Salah-Eddin Al-Batran, MD

Salah-Eddin Al-Batran, MD

Similarly, KEYNOTE-585 demonstrated a clear increase in pathologic complete responses with perioperative pembrolizumab plus FLOT vs FLOT alone, but more modest improvements in survival were seen in an exploratory analysis of the cohort whose chemotherapy backbone was FLOT.2 The addition of pembrolizumab led to a doubling in pathologic complete response rate, and event-free survival was not reached in patients receiving pembrolizumab plus FLOT, but overall survival remained similar, according to Kohei Shitara, MD, of the National Cancer Center Hospital East in Kashiwa, Japan. The study’s first author was Salah-Eddin Al-Batran, MD.

About MATTERHORN

Patients were recruited from Europe (53%), Asia (19%), South America (19%), and North America (9%) and were stratified by geographic region (specifically, Asia vs all other regions). They were randomly assigned to receive four doses of FLOT plus two doses of durvalumab or placebo preoperatively. After surgery, they received these regimens again, followed by 10 doses of durvalumab or placebo as maintenance. The primary endpoint was event-free survival; these results are pending.

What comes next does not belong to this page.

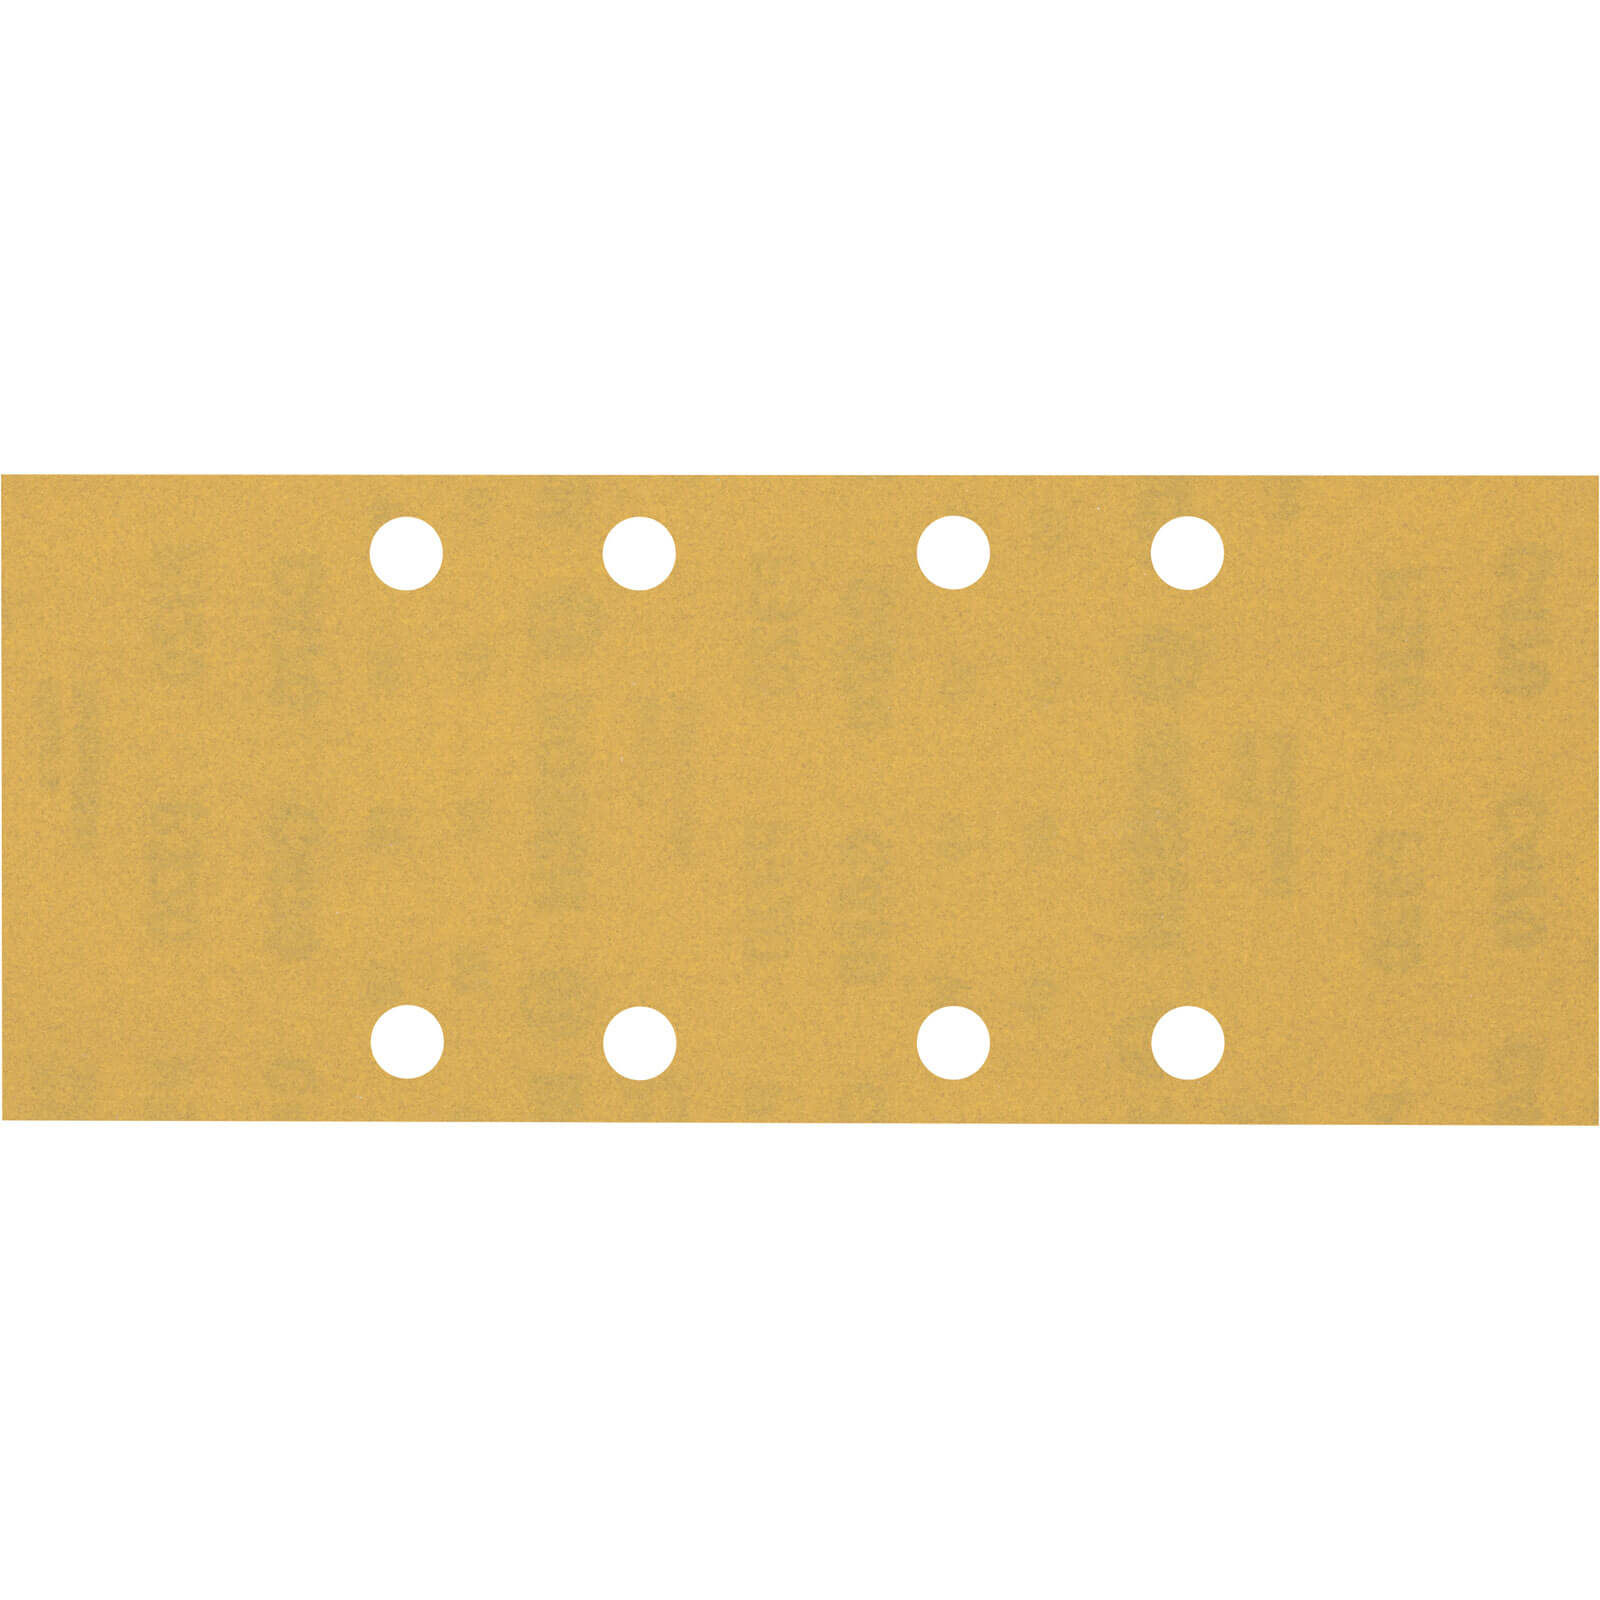 Image of Bosch Expert C470 Best for Wood and Paint Sanding Sheets 93mm x 230mm 320g Pack of 10

In addition to the 12% increase in pathologic complete response, the main analysis also showed the combined complete and near-complete pathologic response rate was also significantly improved by approximately 12%, based on rates of 14% in the control arm and 27% in the durvalumab arm (odds ratio = 2.19; P < .00001). Also of note, a higher percentage of individuals treated with durvalumab plus FLOT achieved T0 stage (23% vs 11%) and N0 stage (52% vs 36%) after surgery. The study showed that, globally, “FLOT is feasible,” Dr. Janjigian added, based on the observation that 97% of patients completed preoperative treatment, and 63% completed adjuvant therapy.

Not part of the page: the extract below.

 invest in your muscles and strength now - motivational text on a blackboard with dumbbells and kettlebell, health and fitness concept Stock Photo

Consistent Benefit Across Regions and Subgroups

In exploratory analyses, the addition of durvalumab to perioperative FLOT consistently improved pathologic complete response rates across geographic regions. Although the Asian population had more patients with lymph node positivity and T4 stage tumors, these patients derived benefit from durvalumab that was nearly identical to the non-Asian populations; absolute improvements were 13% (odds ratio = 3.96) and 12% (odds ratio = 2.92), respectively. The improvements in pathologic complete responses were consistent across Europe and South America, with an even greater increase (21%) observed in the North American cohort (odds ratio = 4.93), she reported.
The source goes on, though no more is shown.